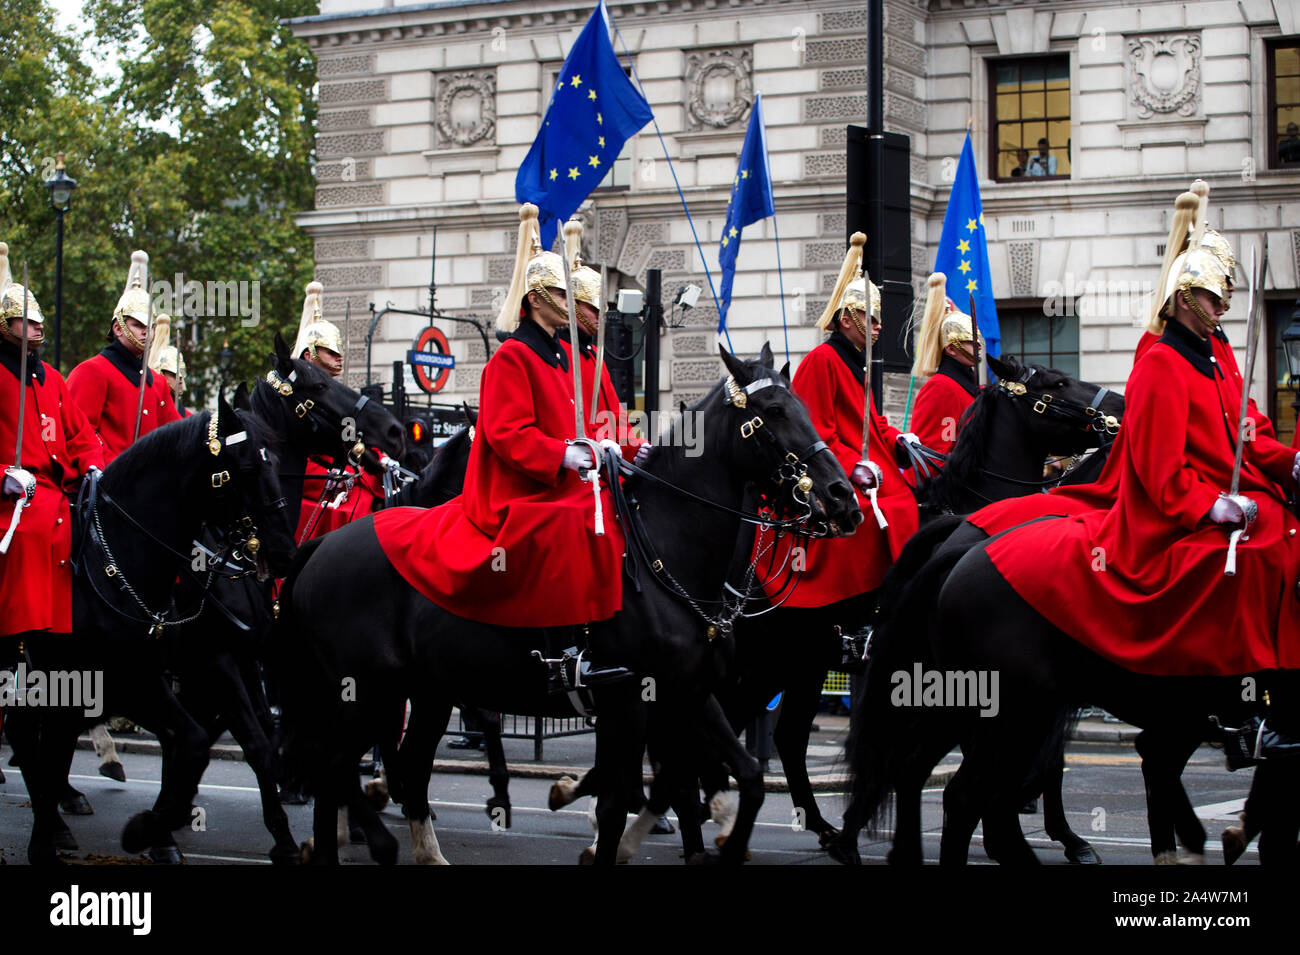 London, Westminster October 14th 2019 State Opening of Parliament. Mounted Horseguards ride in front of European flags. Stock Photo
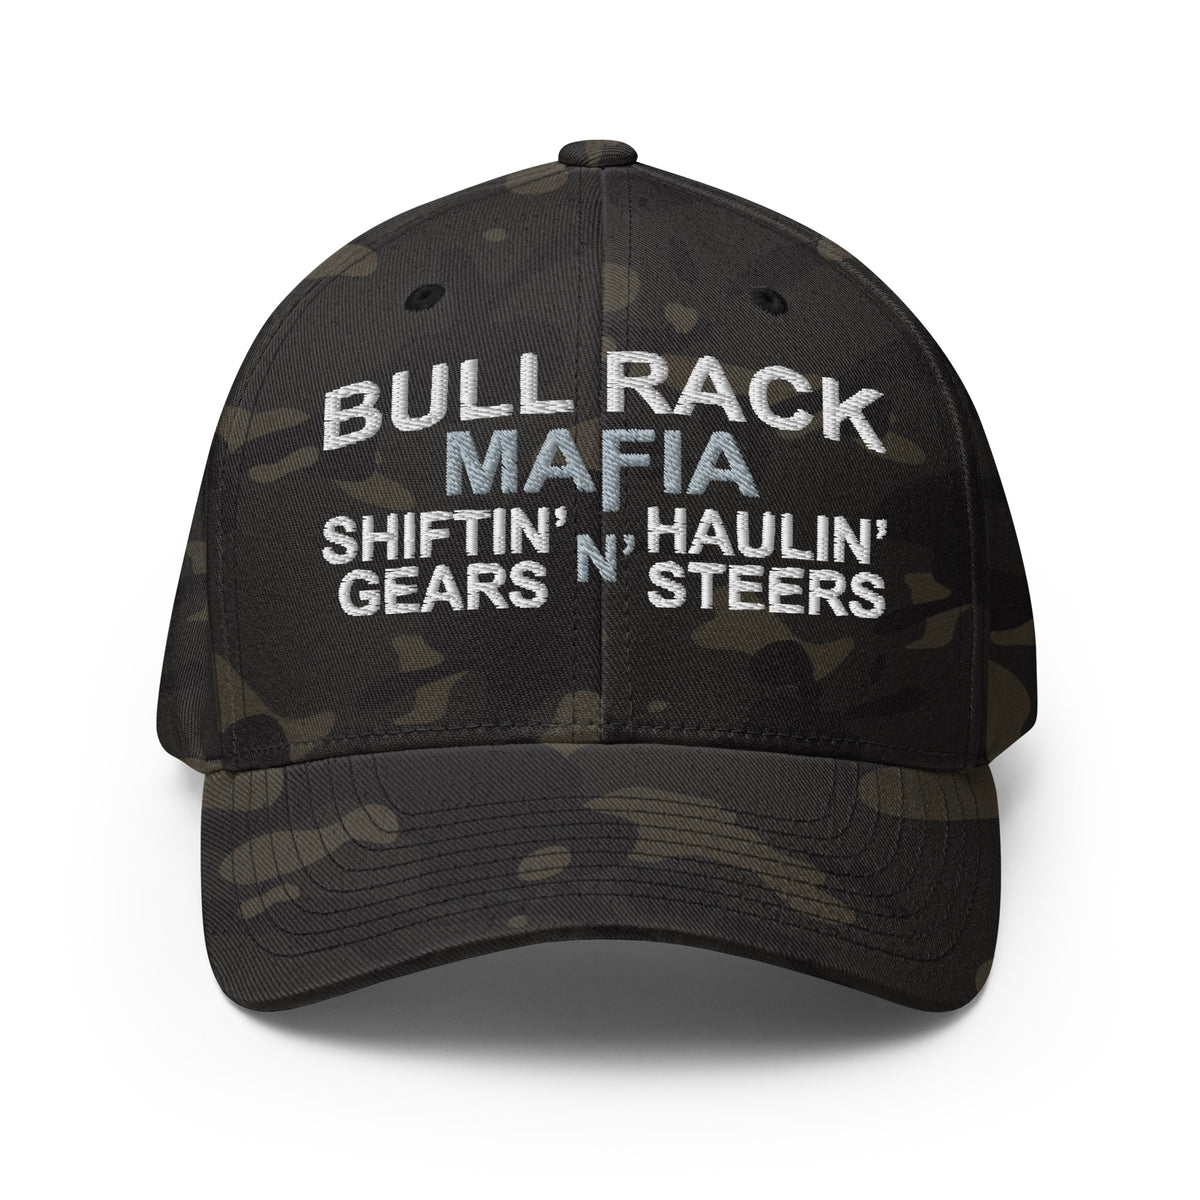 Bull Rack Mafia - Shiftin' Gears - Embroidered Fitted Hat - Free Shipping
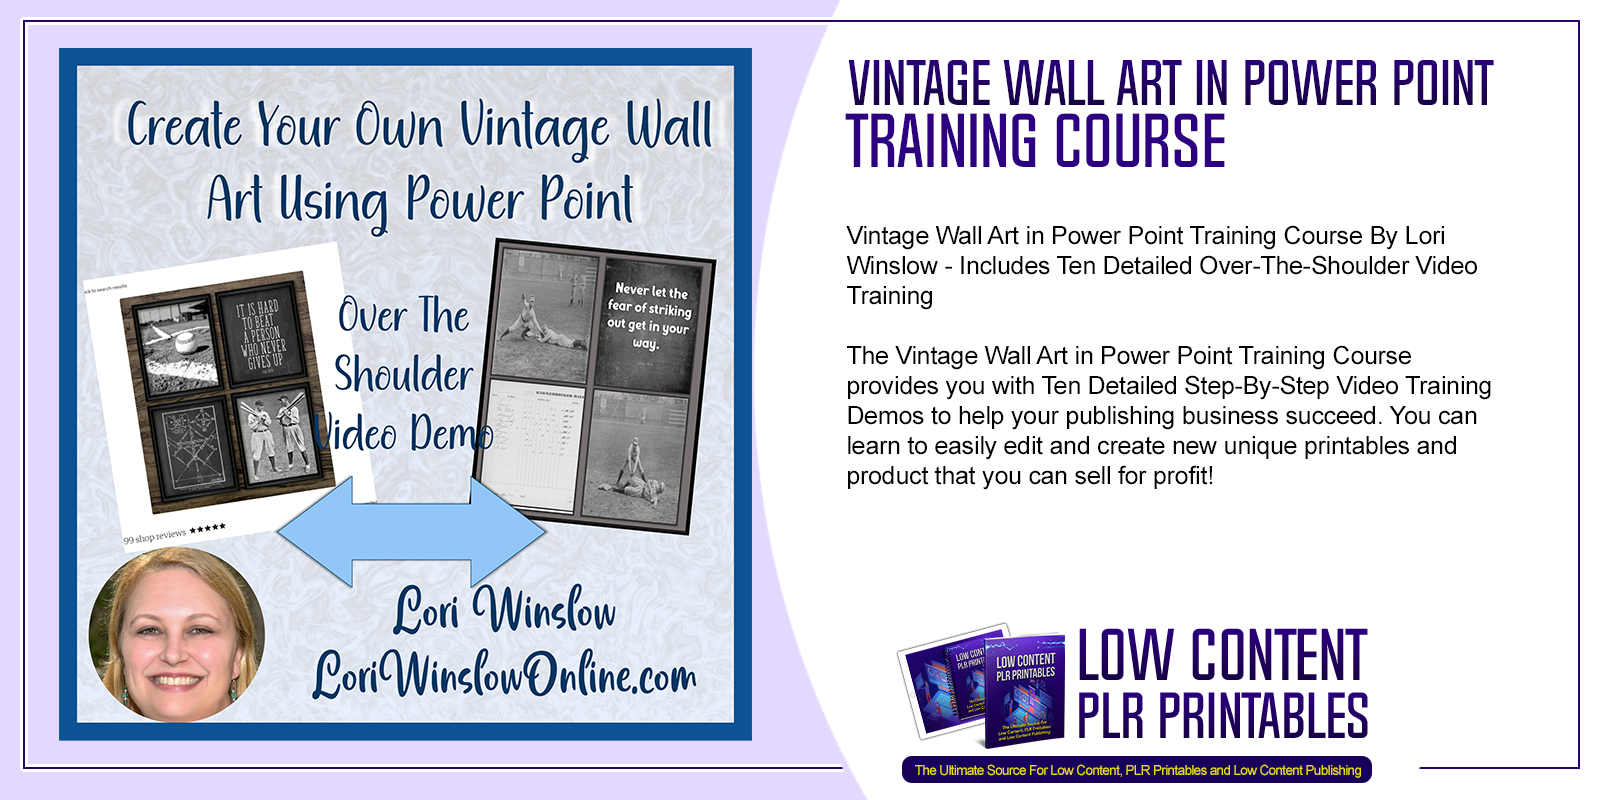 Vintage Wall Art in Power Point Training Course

━━━━

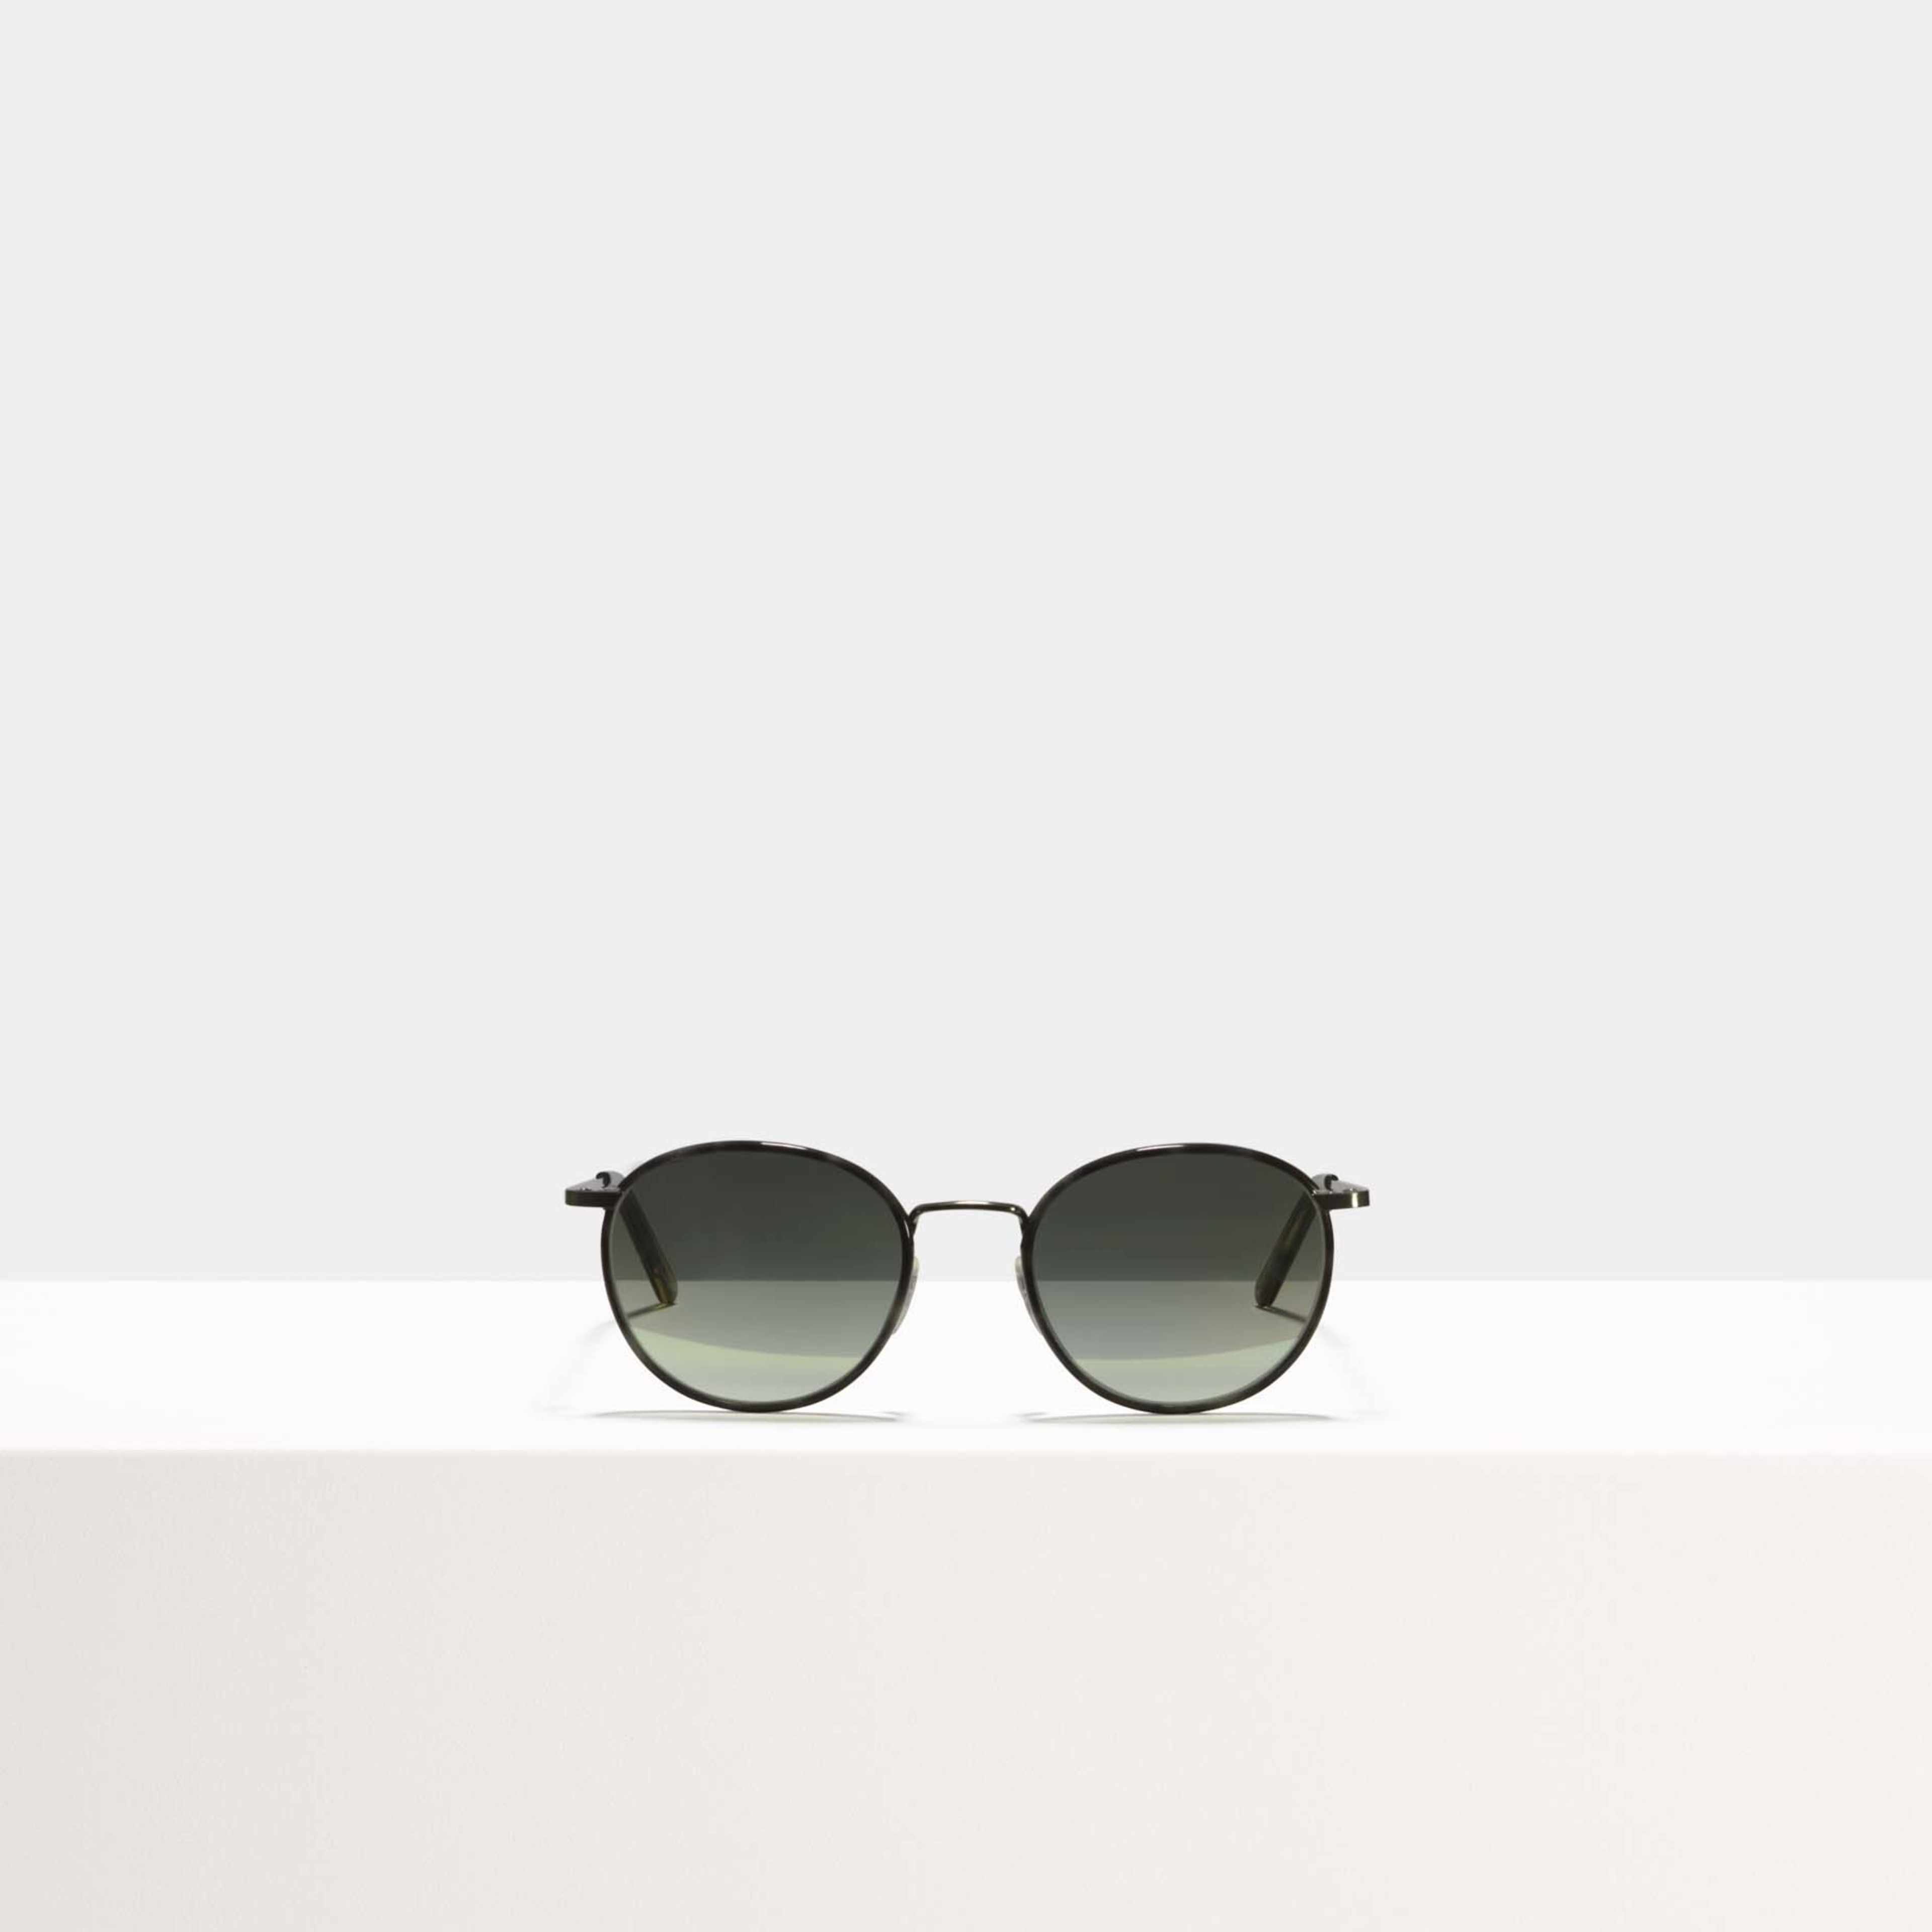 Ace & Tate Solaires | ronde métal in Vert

━━━━

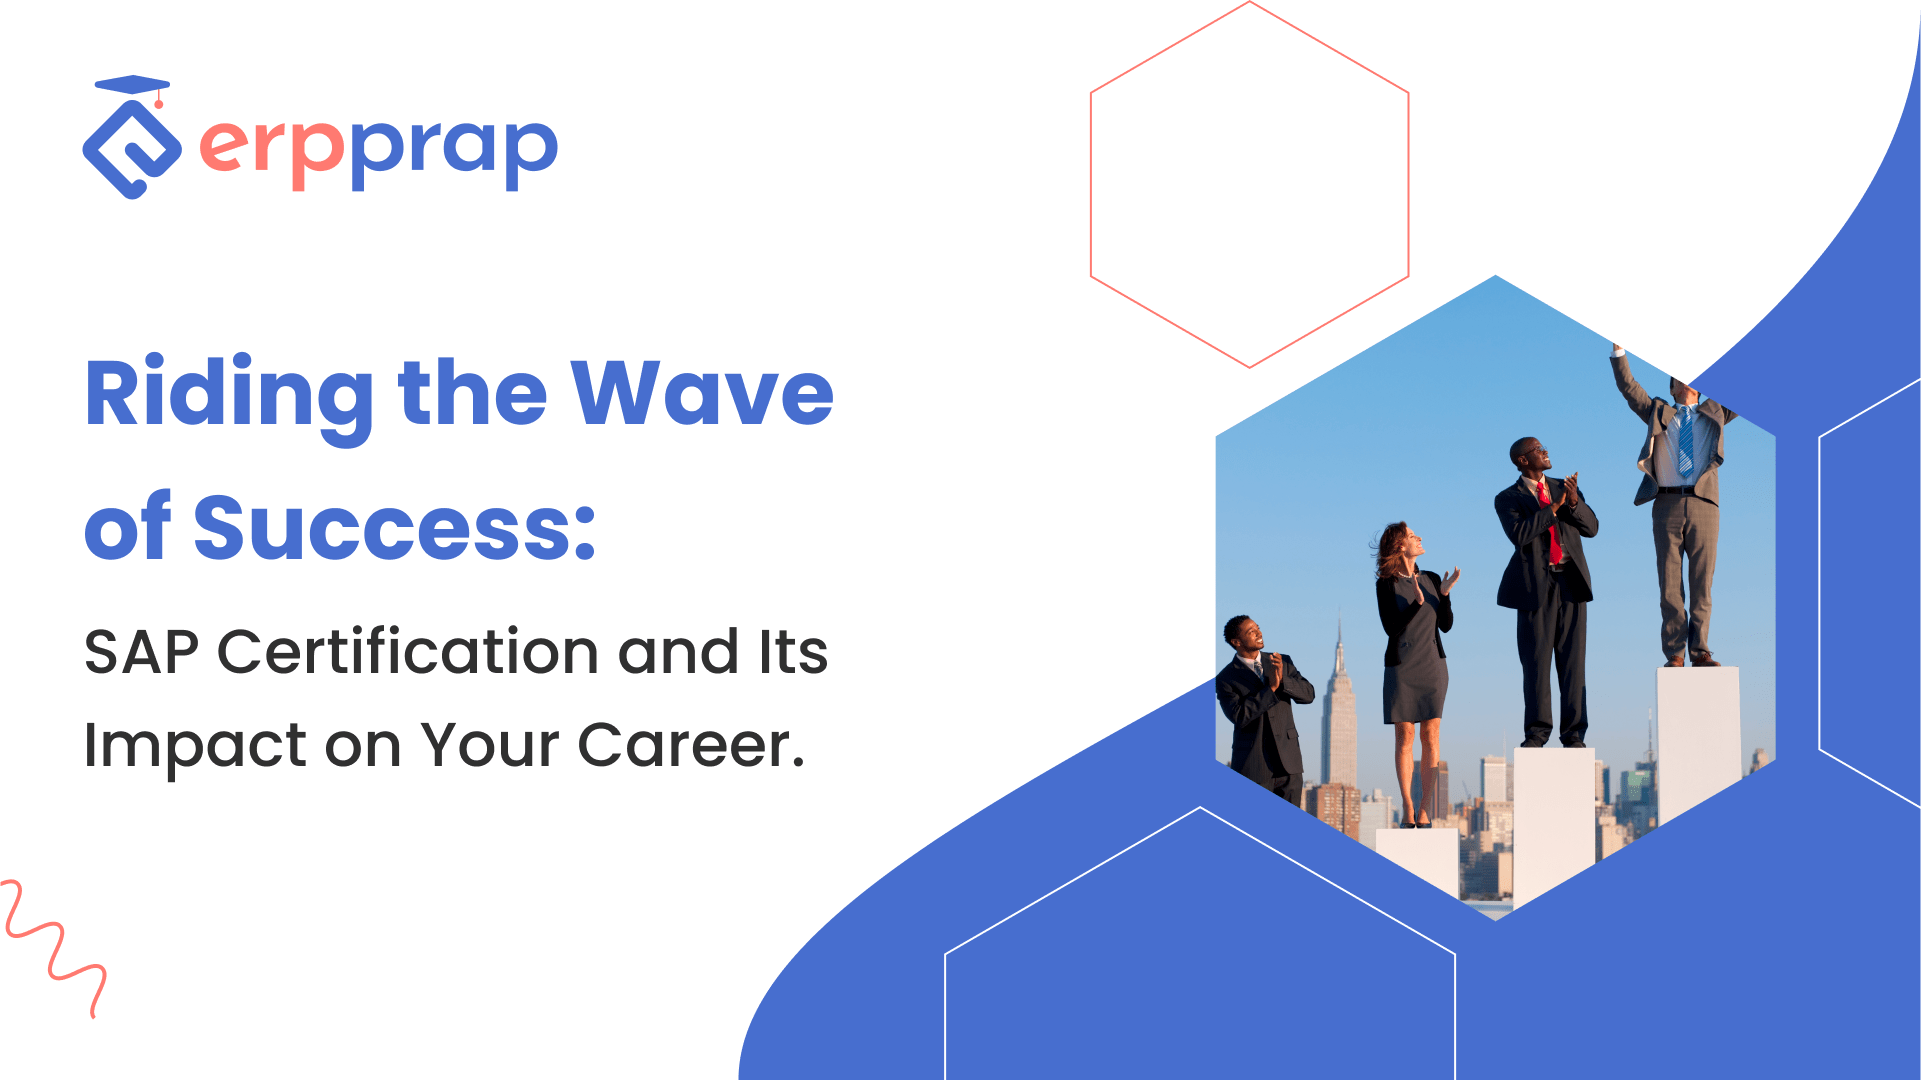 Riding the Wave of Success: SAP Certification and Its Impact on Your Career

━━━━

Using the data above, copy exactly the lines from the one containing "Bull Rack Mafia" to the one containing "Vintage Wall Art", inclusive. Exclude the pictures.

**PROBLEM SOLUTION:**
 Bull Rack Mafia - Shiftin' Gears - Embroidered Fitted Hat - Free Shipping
 Vintage Wall Art in Power Point Training Course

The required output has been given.